* Brief:
Nothing but the lines below from the one containing "paxful官网地址-整合全球比特币买家和卖家-paxful交易平台-图片2" through the one containing "Pantalla de imágenes" should appear in the answer, exact and without pictures.
Material for this exercise Block Start
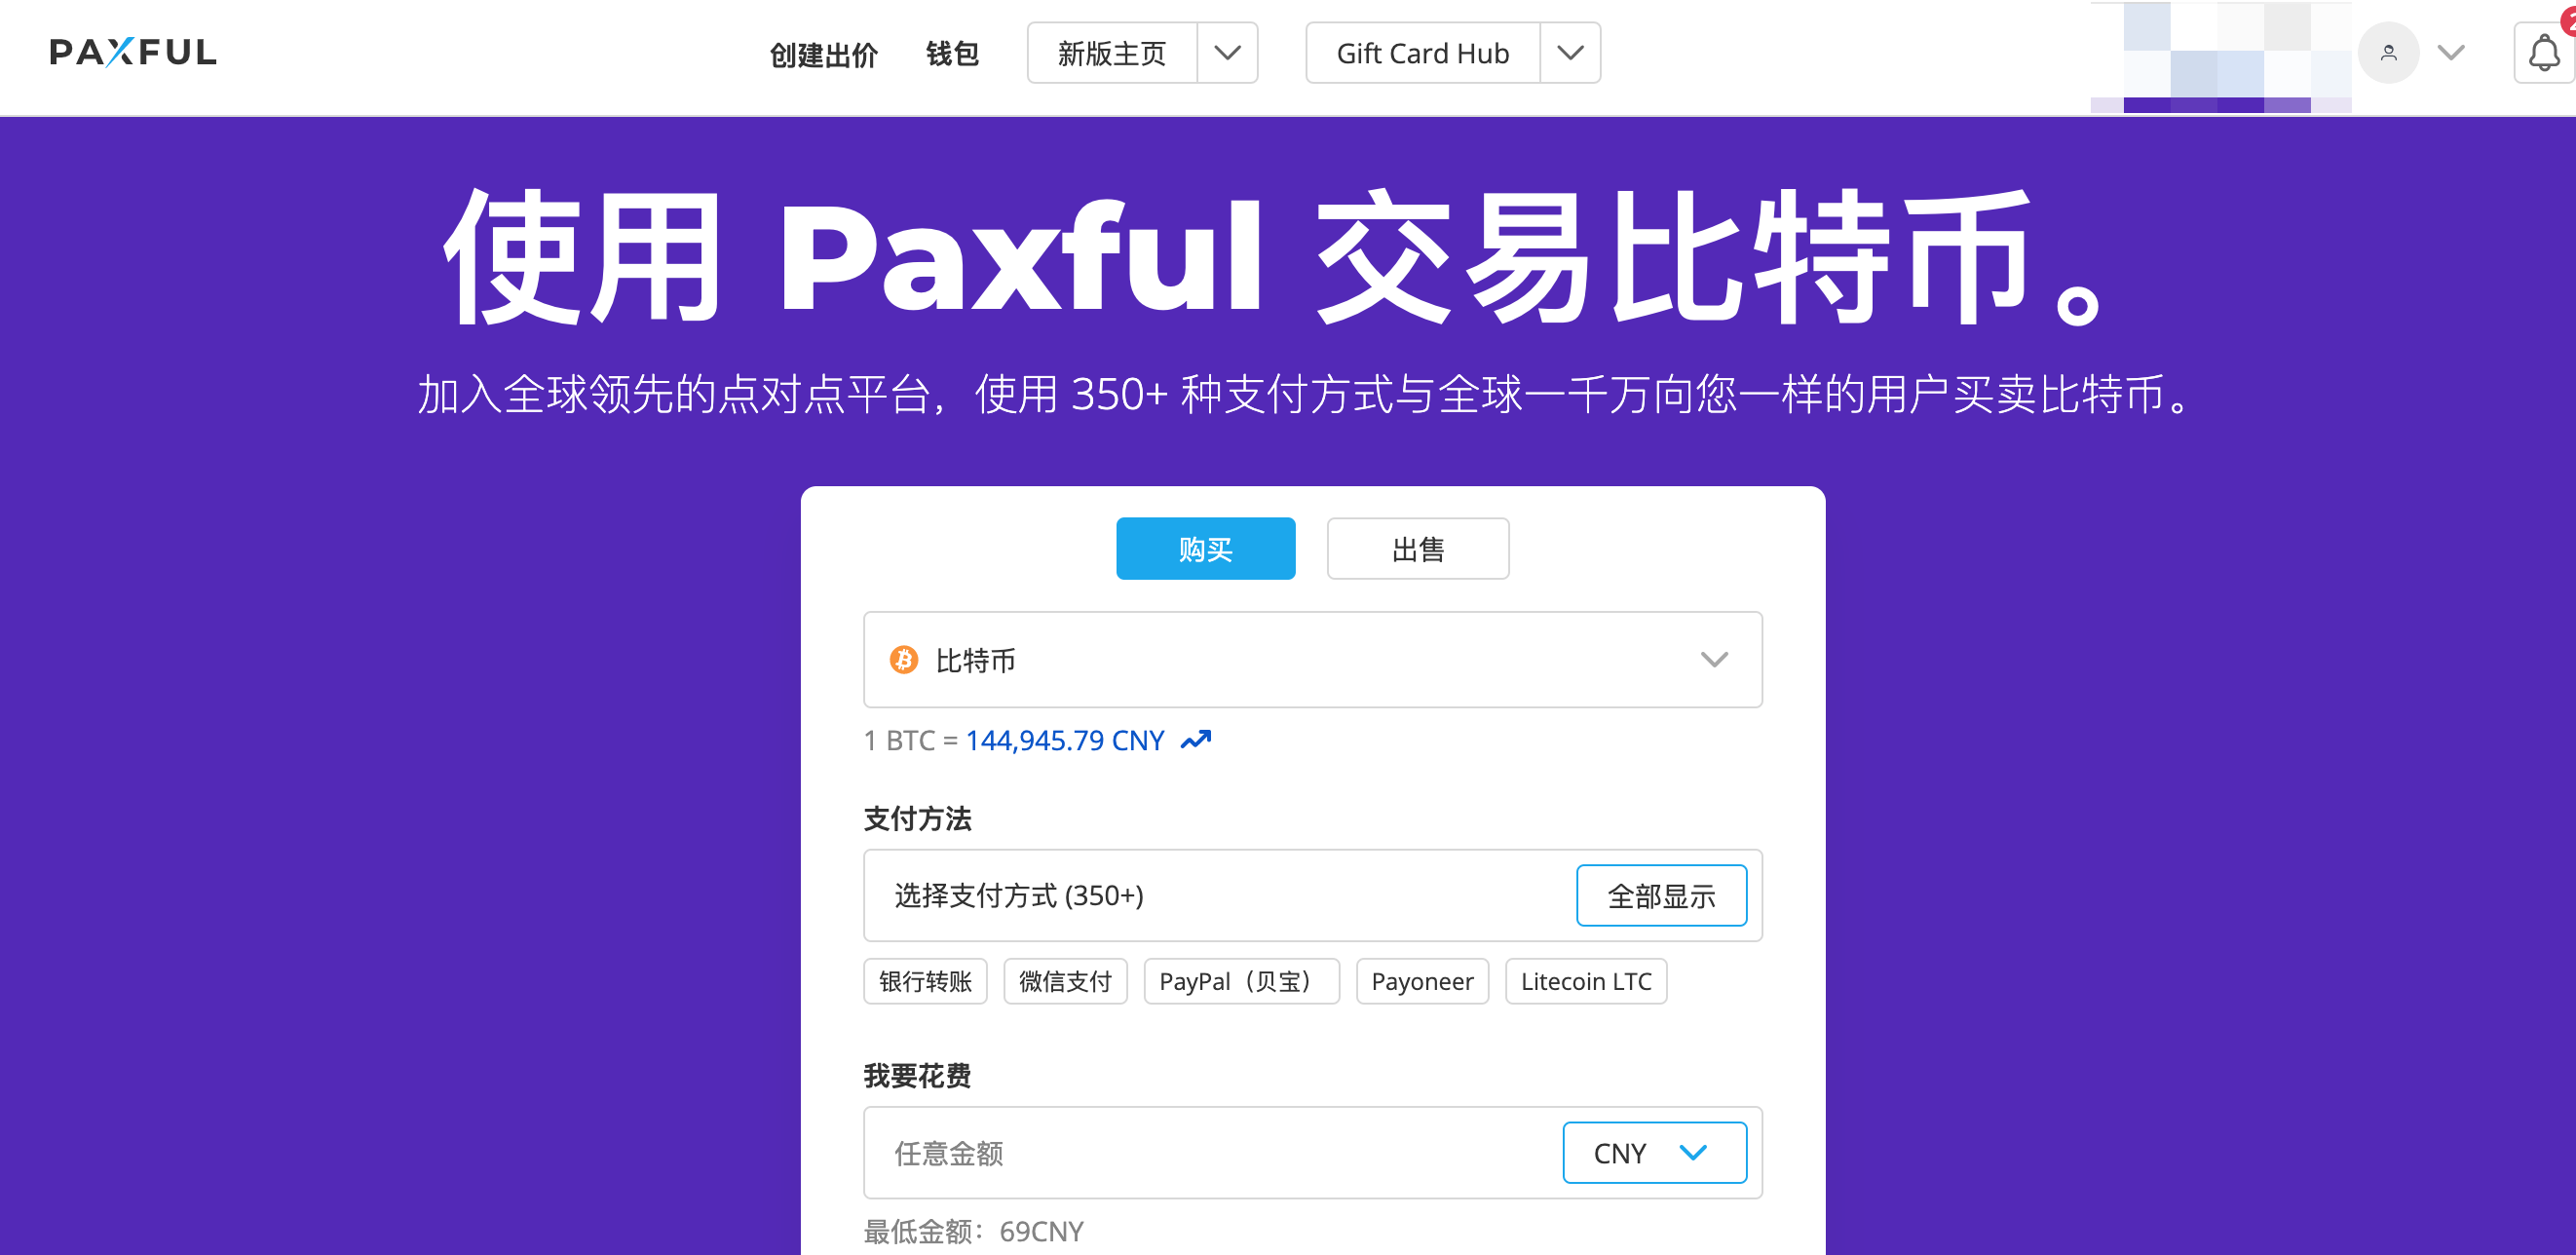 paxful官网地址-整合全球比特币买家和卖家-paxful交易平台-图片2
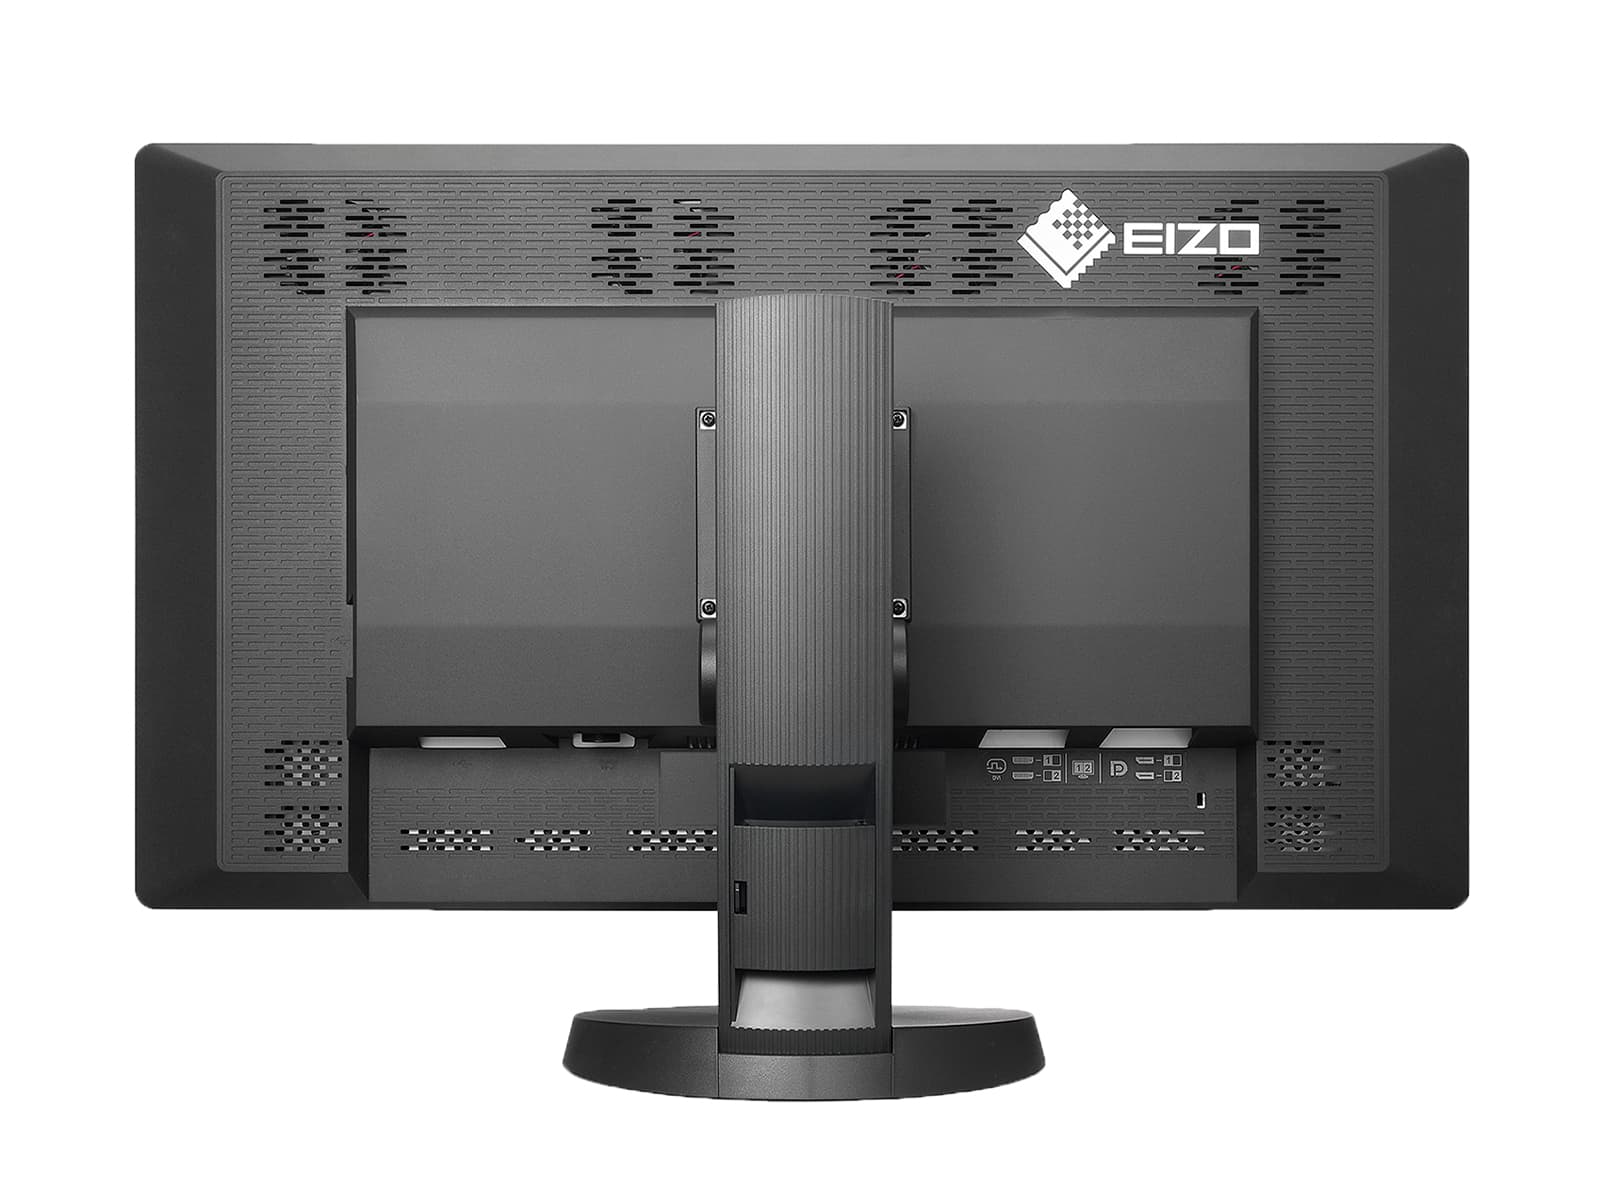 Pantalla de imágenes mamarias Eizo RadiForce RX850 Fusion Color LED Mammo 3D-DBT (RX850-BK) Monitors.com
Material for this exercise Block End
Material for this exercise Block Start
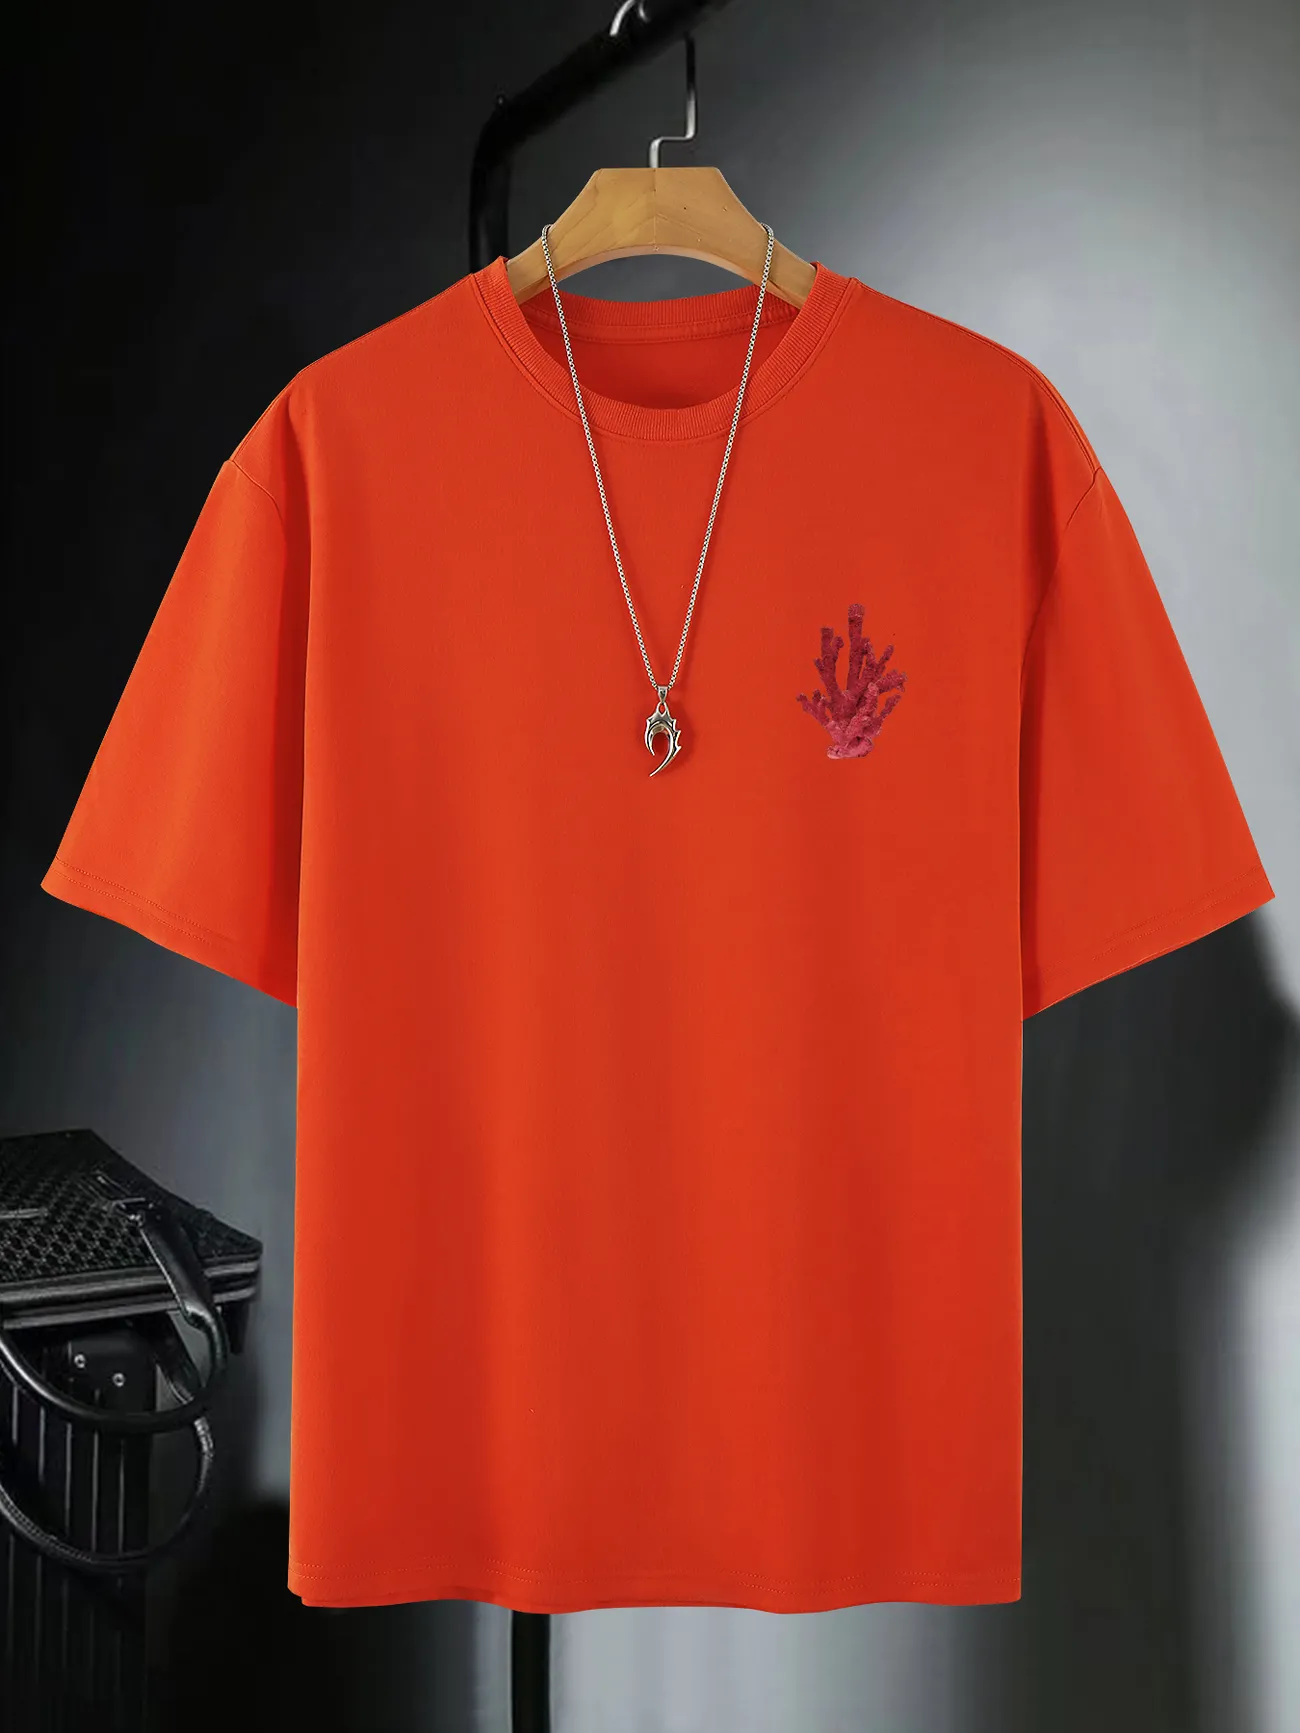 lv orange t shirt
Material for this exercise Block End
Material for this exercise Block Start
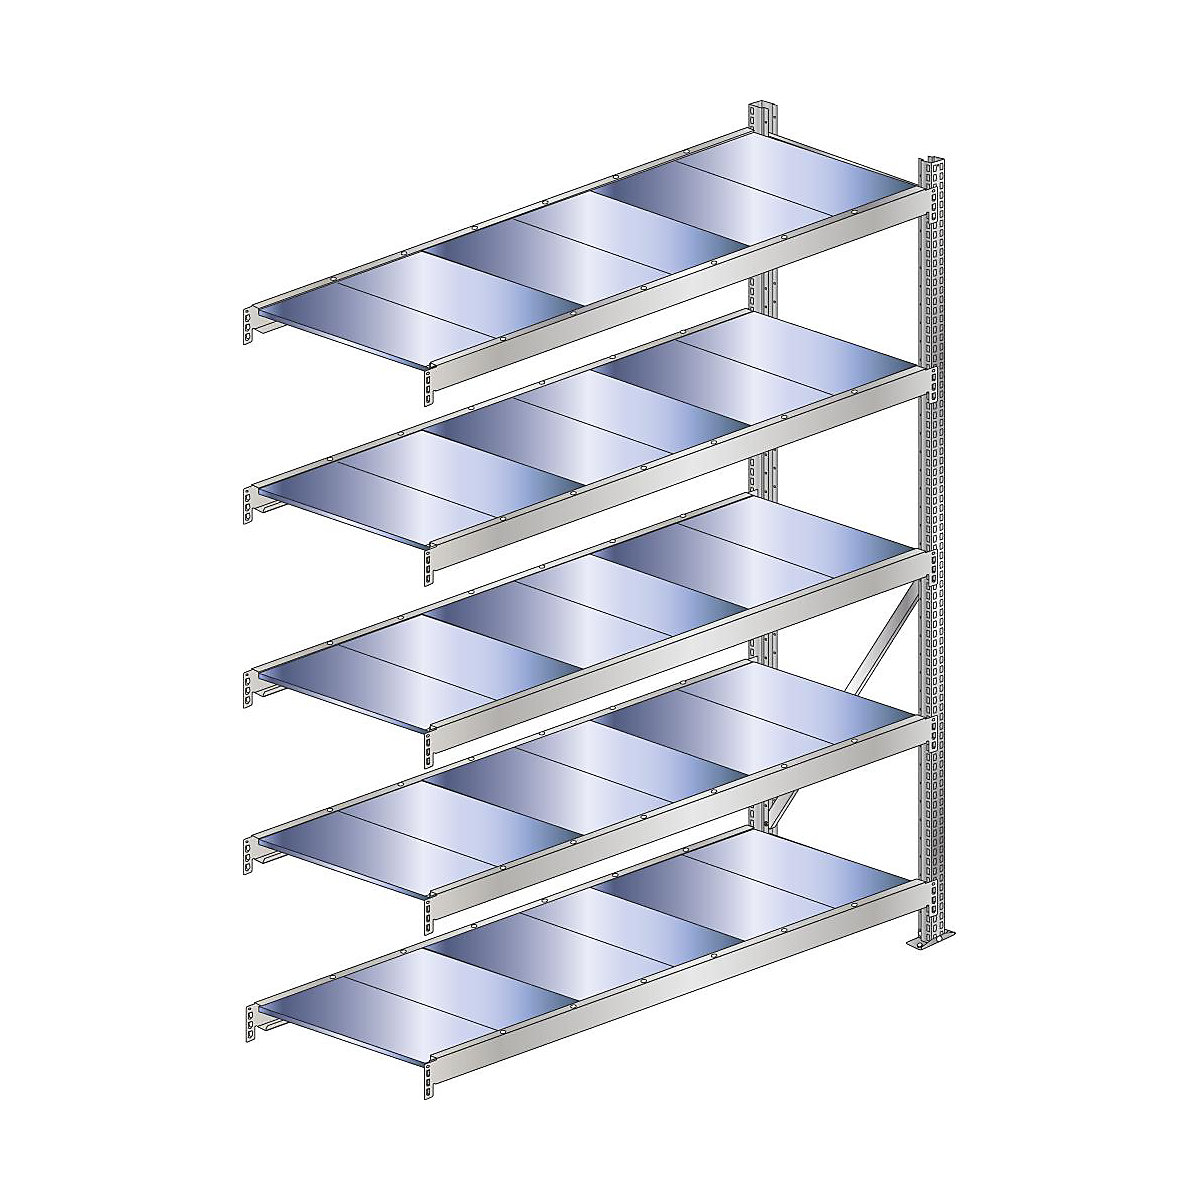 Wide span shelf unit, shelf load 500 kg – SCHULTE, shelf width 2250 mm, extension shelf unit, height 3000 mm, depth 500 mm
Material for this exercise Block End
* Problem solution:
 paxful官网地址-整合全球比特币买家和卖家-paxful交易平台-图片2
 Pantalla de imágenes mamarias Eizo RadiForce RX850 Fusion Color LED Mammo 3D-DBT (RX850-BK) Monitors.com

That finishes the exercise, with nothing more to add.